OpenChat: Self-Hosted AI Chat Platform with Streaming, Multi-Provider Routing, and Persistent Sessions
OpenChat is a comprehensive, production-style AI chat product built as a monorepo, designed for self-hosting. The architecture combines a Next.js frontend, a FastAPI backend, PostgreSQL for persistence, and Docker Compose for deployment.

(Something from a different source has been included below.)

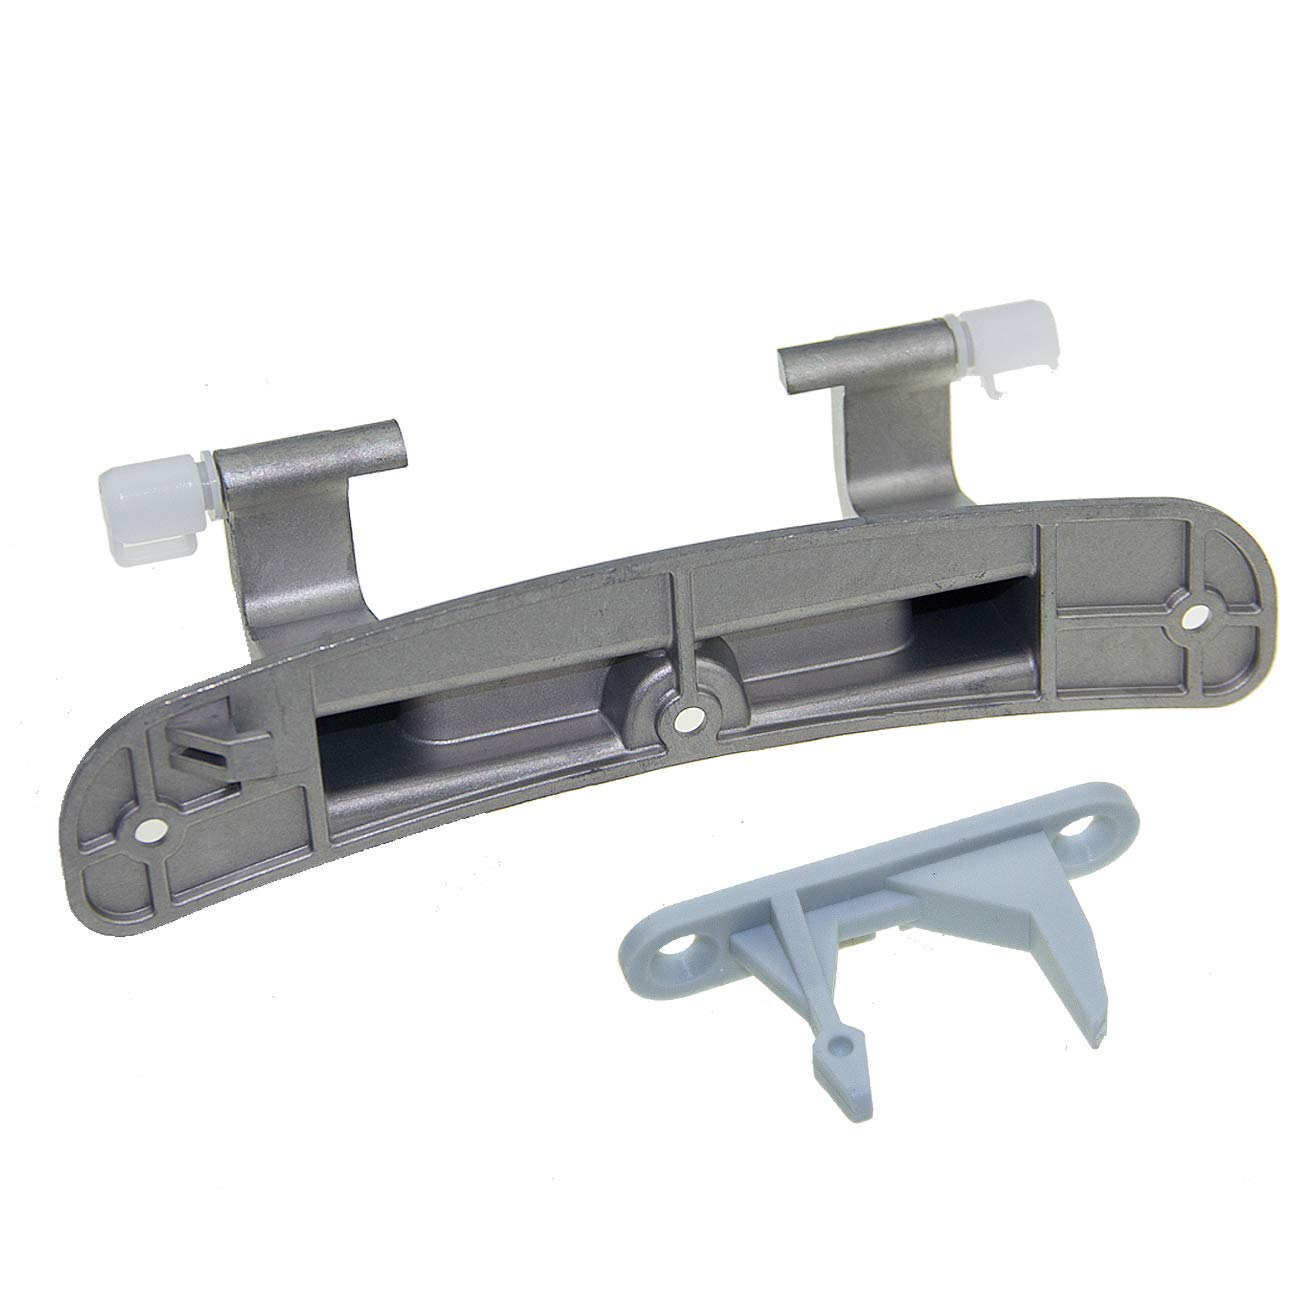 134550800 Door Hinge For Frigidaire Kenmore Washer PS1152380 & 131763310 Door Striker Washer Replacement Part for Frigidaire, Kenmore, Electrolux, Crosley 61zwaAw1JJL
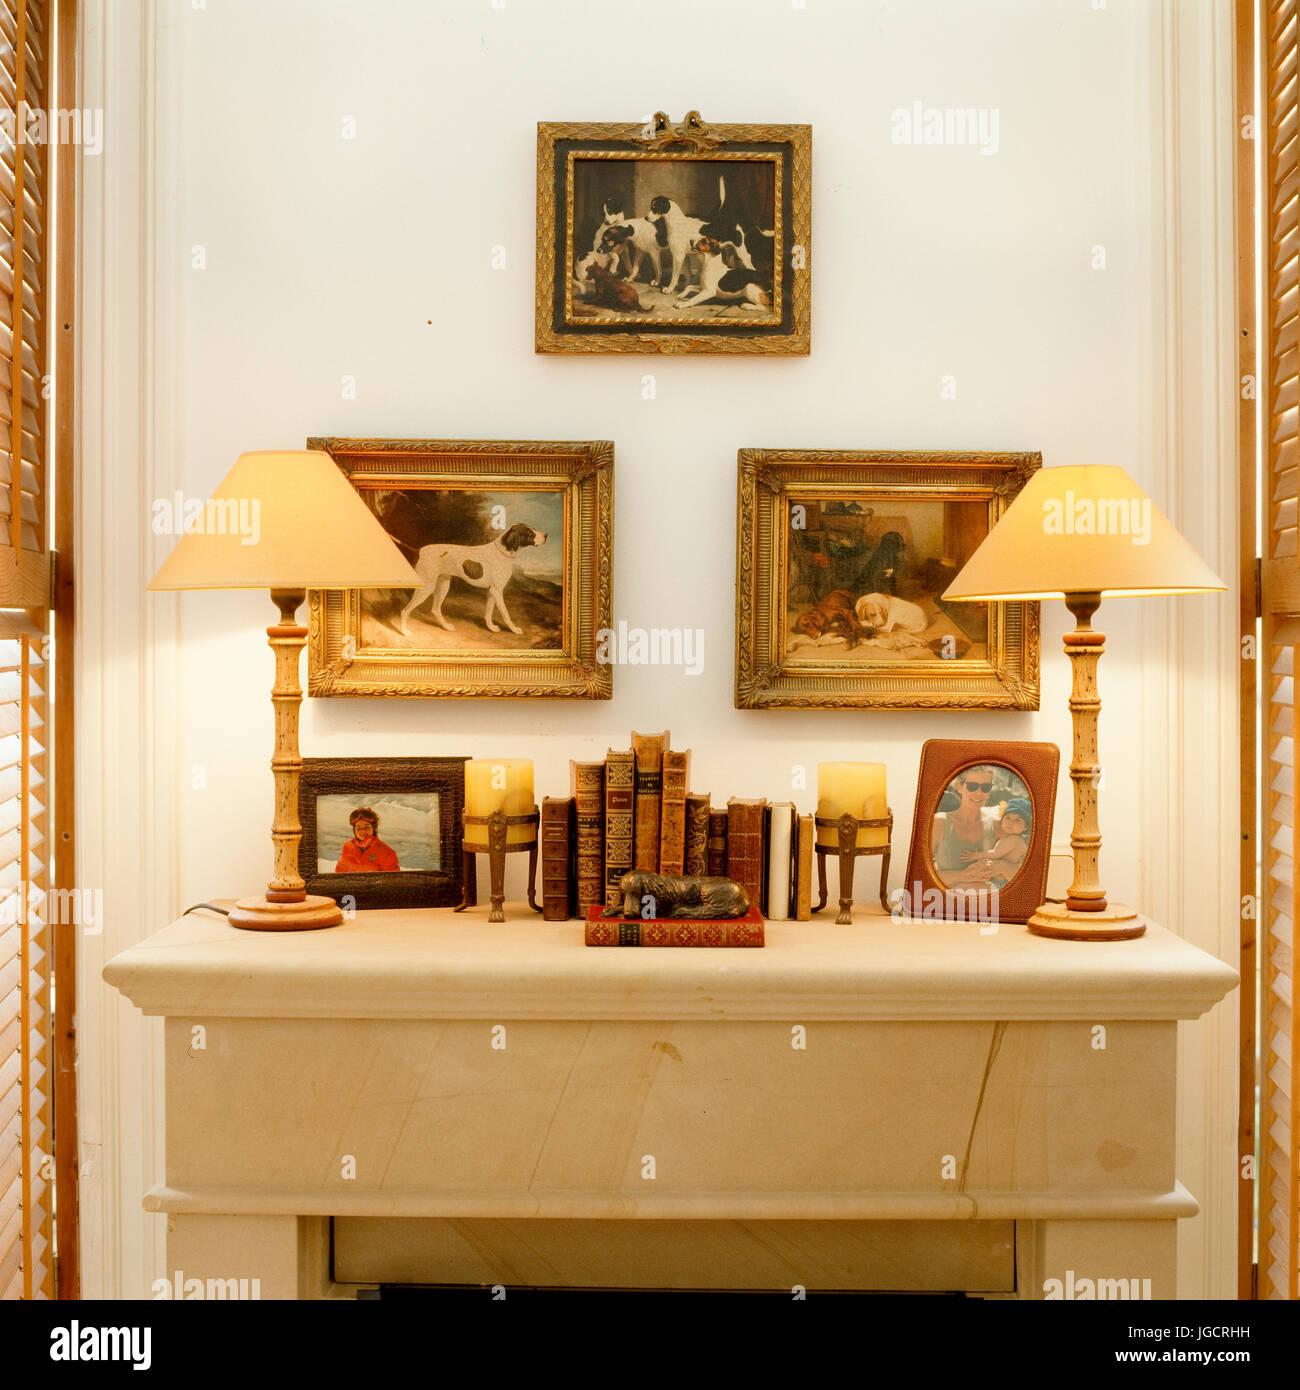 La cheminée avec lampes vintage et d'art Photo Stock

Users interact with local or remote LLMs through a polished, dark-first interface that renders markdown and syntax-highlighted code. Crucially, responses stream token-by-token over HTTP, providing a superior user experience compared to traditional buffered completions.
The backend implements a sophisticated provider router capable of dispatching requests to various backends, including Ollama and any OpenAI-compatible API. It normalizes streaming chunks, manages session persistence via async SQLAlchemy, and handles complex multi-turn memory management. The frontend leverages Zustand for state management and utilizes Next.js BFF API routes to proxy all backend communication, ensuring the browser never talks directly to the core API.
Engineering quality was paramount: the project includes comprehensive testing suites (pytest, Vitest, Playwright) and CI/CD gates via GitHub Actions, ensuring reliability across every push and PR. Furthermore, the design incorporates hooks for future RAG and agent tool integration, future-proofing the core chat pipeline.
Features
- Real-time
- token-by-token streaming chat experience
- Multi-provider routing supporting Ollama and OpenAI APIs
- Durable session management with history persistence and session control
- Thinking mode displaying collapsible reasoning blocks
- Support for image and file attachments with vision capabilities
- Next.js BFF API proxy for enhanced security
- Full CI/CD pipeline with unit
- integration
- and E2E testing
Challenges
The primary challenges included achieving true end-to-end streaming from the LLM provider through the FastAPI layer to the browser's ReadableStream, while maintaining a responsive UI. Additionally, the system needed to abstract multiple, disparate model backends behind a single, consistent API contract, all while ensuring session consistency in PostgreSQL during asynchronous chunk arrival.
Solutions
We solved the streaming challenge by implementing async streaming from the provider through FastAPI's StreamingResponse to the browser's ReadableStream, updating the UI state incrementally with Zustand. A dedicated ProviderRouter was introduced to normalize requests for various backends. For persistence, we utilized layered backend design with async SQLAlchemy and Alembic for robust, session-scoped memory management. The frontend was secured by routing all traffic through Next.js BFF routes, and the entire stack was hardened with comprehensive testing and CI/CD gates.